Delatorre and Bello estimated tMRCA at 1991 for Cuban subtype B, much later than the estimated origin of subtype B in Haiti and the USA (1960–1970).[21] Their explanations are based on the fact that the tMRCA they obtained for Cuban subtype B coincides with the economic crisis caused by the disintegration of the Soviet bloc in 1991 and the increase in tourism from North America and Europe, regions with extensive circulation of pandemic subtype B.[21] Several elements lead us to disagree with their conclusions.
First, in selecting sequences to study, Delatorre and Bello excluded those with mutations associated with antiretroviral resistance,[21] an aspect that according to several authors does not affect phylogenetic reconstruction of HIV-1, and that enables a more accurate estimate of the evolution of the infection.[36,37] Second, in selecting the best coalescent model, they ran Markov chain Monte Carlo for only 50 million generations,[21] which might interfere with obtaining an effective sampling size of >250, the value considered reliable for analysis.[27] Finally, they did not consider the epidemiologic history of the Cuban epidemic and overlooked the first studies that described circulation of subtype B in Cuba based on samples from patients diagnosed with HIV-1 infection as early as 1986.[11,35]

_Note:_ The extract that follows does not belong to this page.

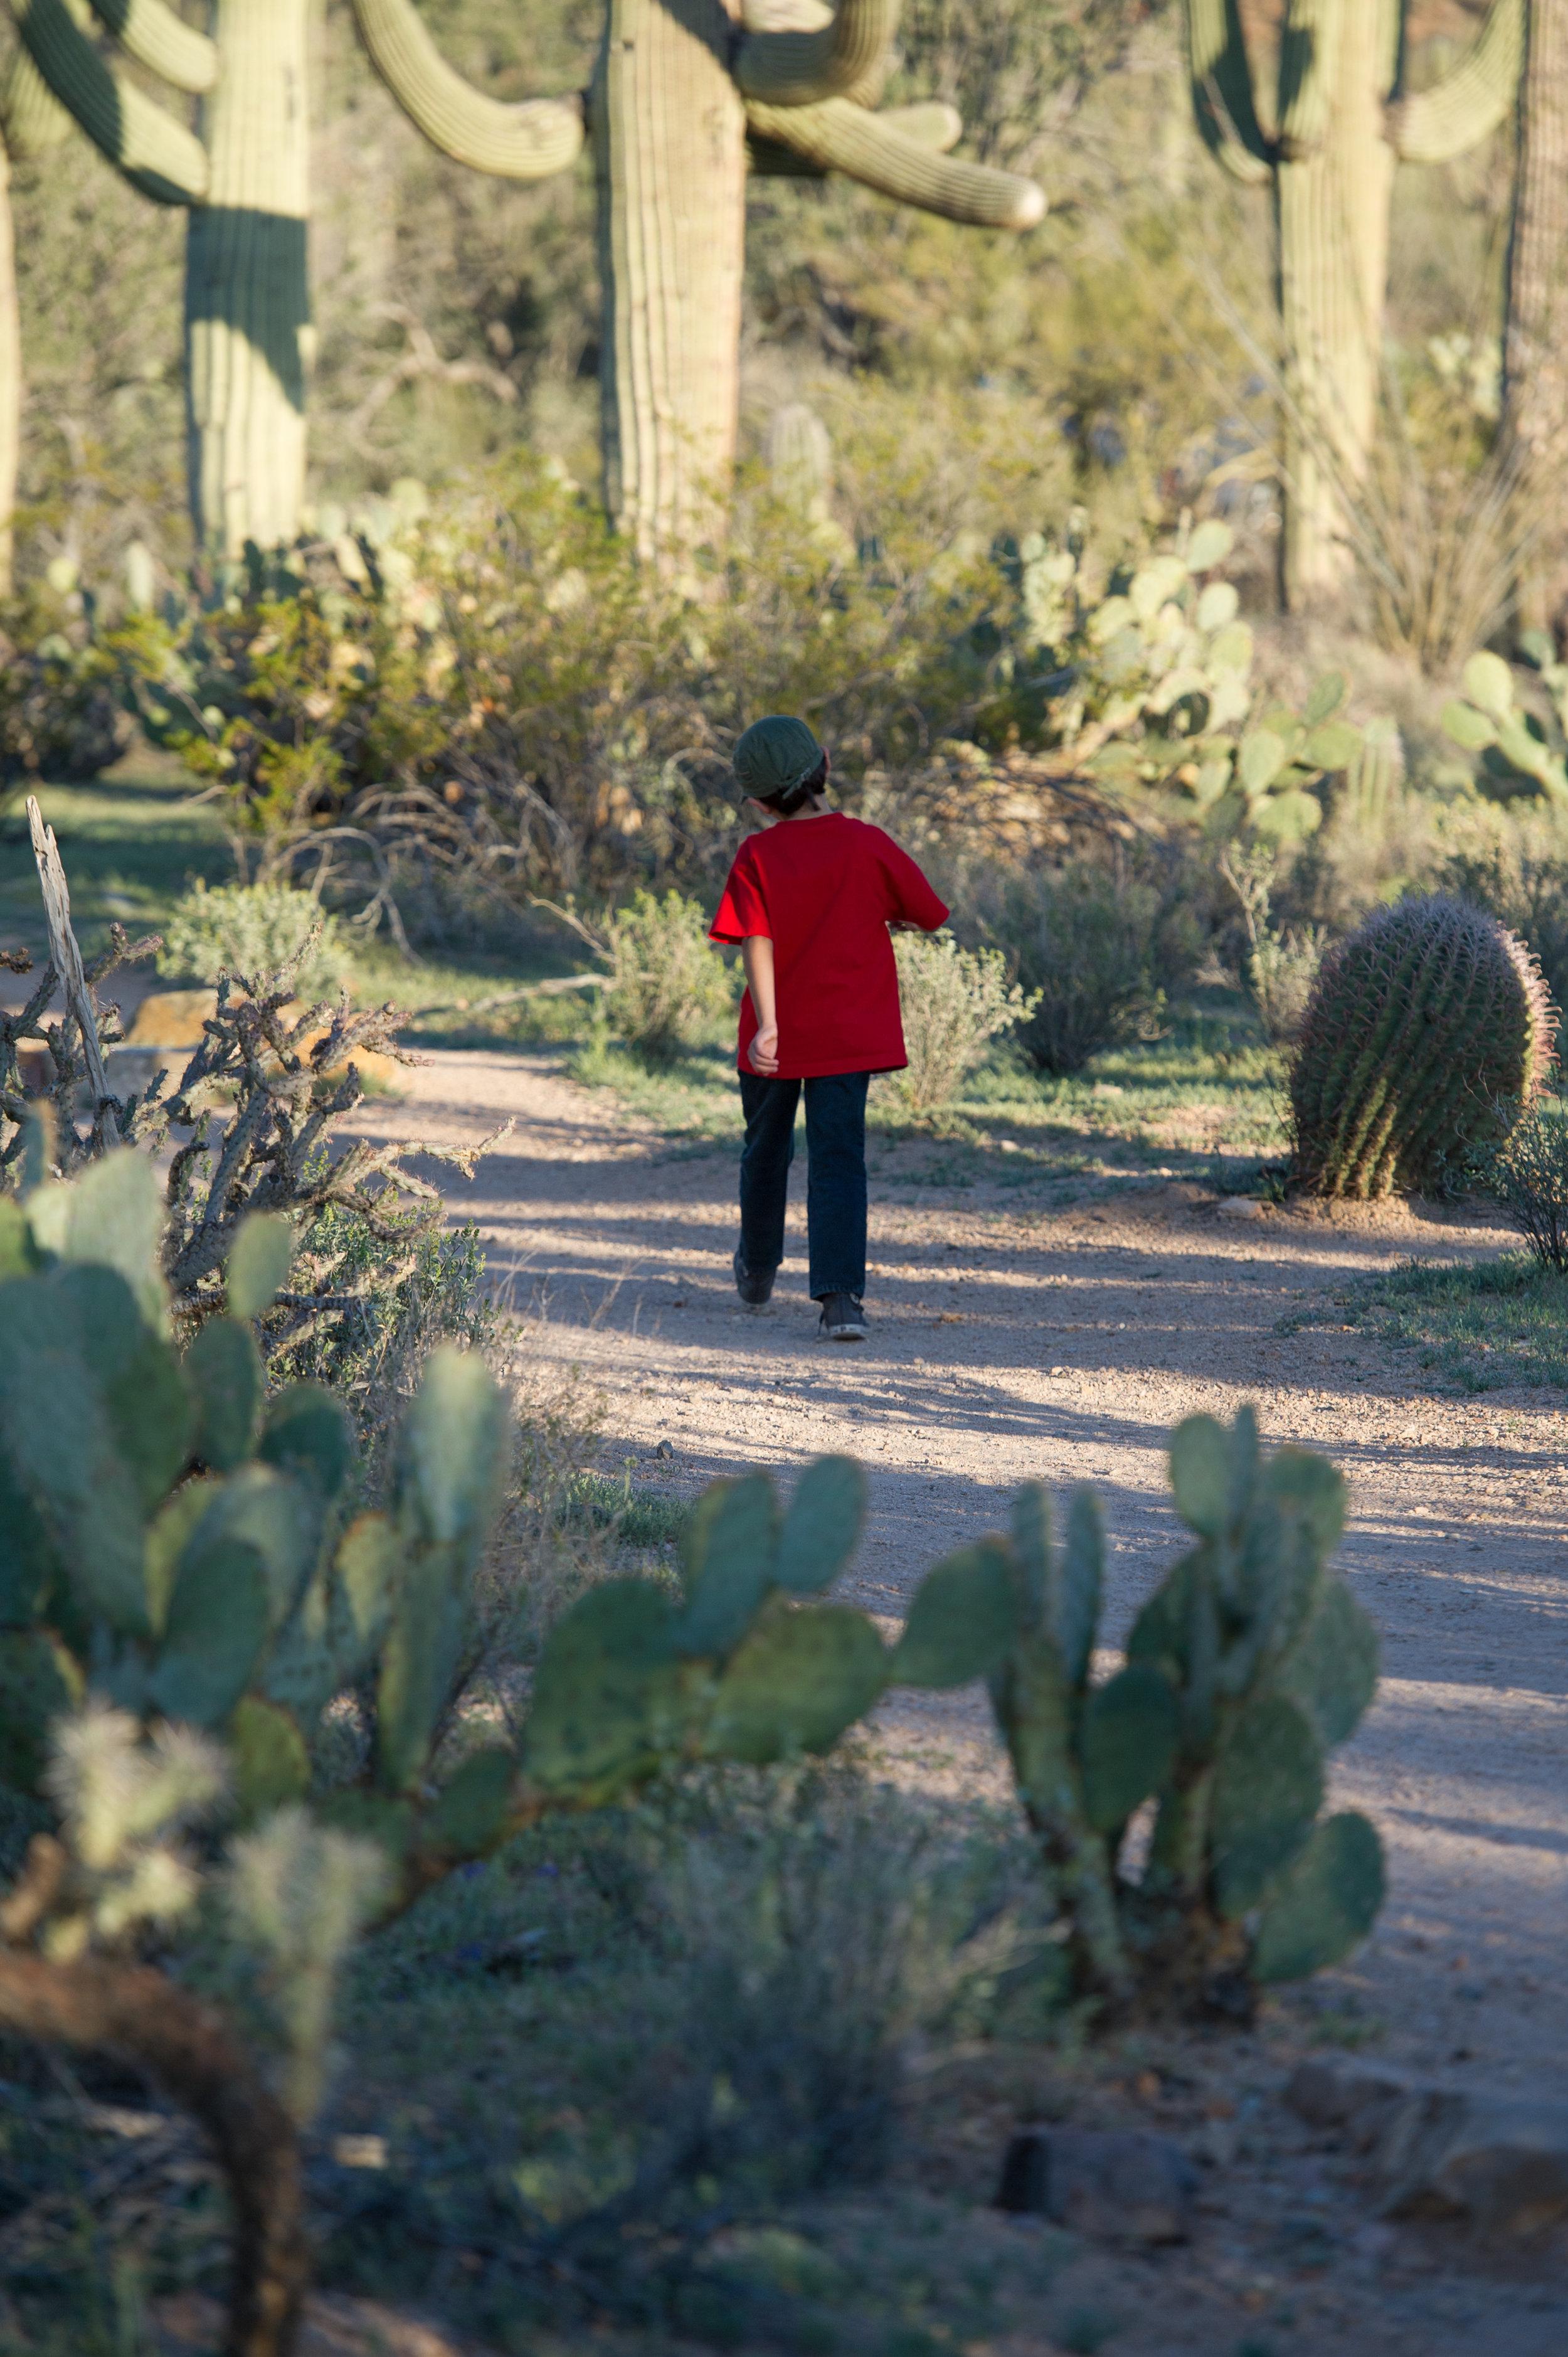 Anthony walking in the desert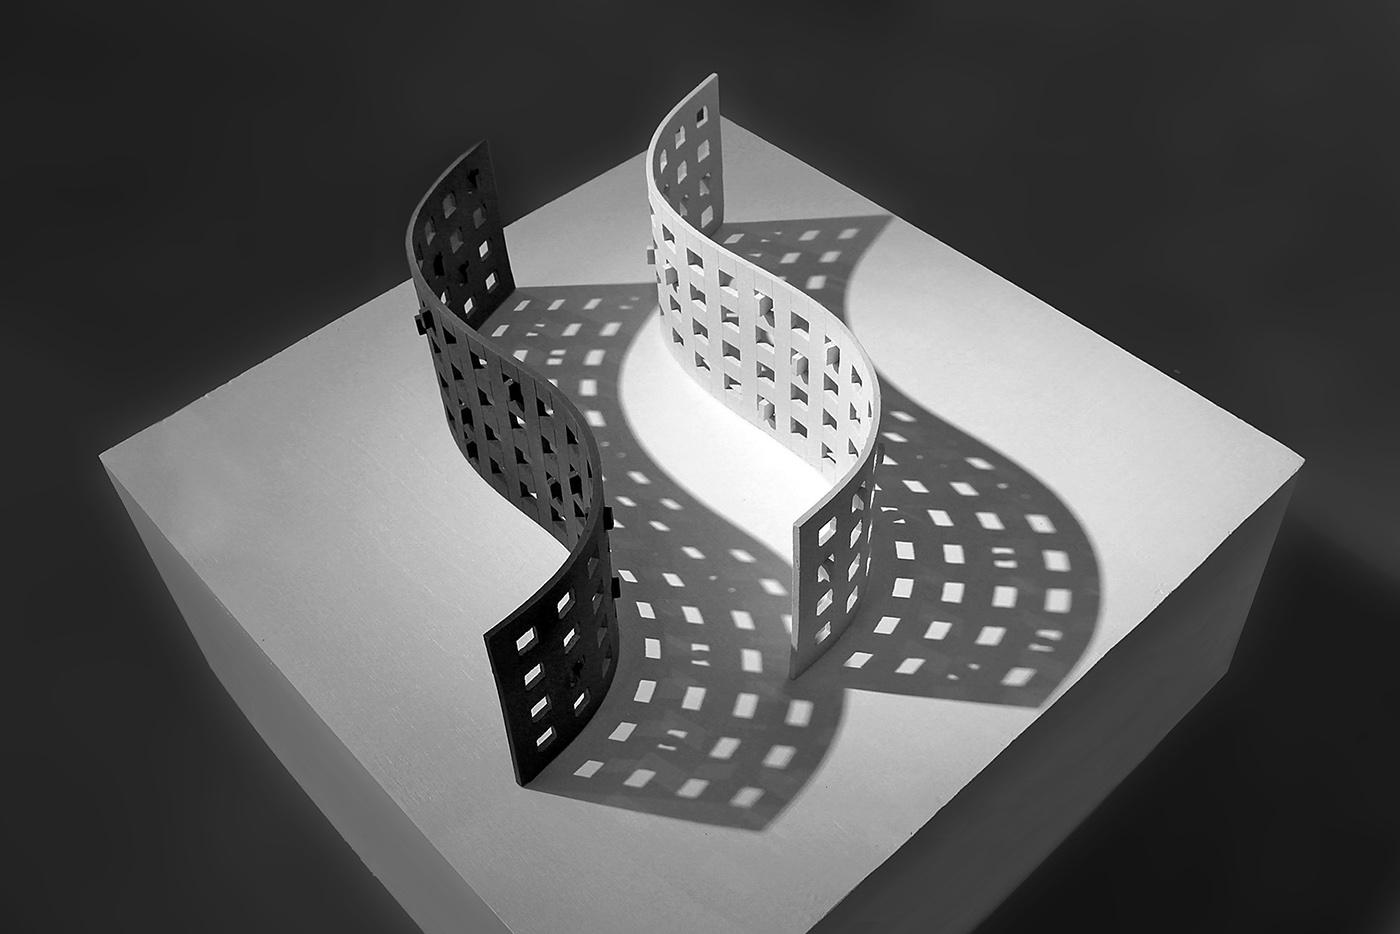 sculpture ceramic sculpture slab build abstract sculpture stoneware geometry Marek Jacisin OFA at Harvard Harvard Ceramics inspire

Estimated evolutionary rates indicate a rapid dynamic in HIV-1B viral populations. These figures may be overestimated due to the short time frames and presence of mutations that can be a common in intraspecific analysis of evolutionary rates.[38] The evolutionary rate obtained in our study is within the range described for other HIV-1B populations in the world.[20,21,39–42] This high evolutionary rate may be due to the fact that the region of the pol gene that codes for PR and RT enzymes is subject to selective forces, unsurprisingly, since these proteins are involved in functions in the viral replication cycle, such as infectivity and replication.[43] However, Pagán and Holguín also described a high degree of genetic conservation in the pol gene, which contradicts the high evolutionary rate found.[20] This coexistence may be the result of multiple mutations in a small number of sites located on the HIV-1 pol gene,[44] and the fact that, to be functional, these proteins require complete preservation of at least two-thirds of their sequences.[45,46]
CONCLUSIONS
Our results suggest multiple introductions of HIV-1B into Cuba in the late 1970s, predominantly strains from North America and Europe. These results underline the importance of maintaining, reviewing and updating the molecular epidemiology of HIV-1 in Cuba, due to the virus’s rapid evolution and implications for the Cuban Ministry of Health’s National STI/HIV/AIDS Program.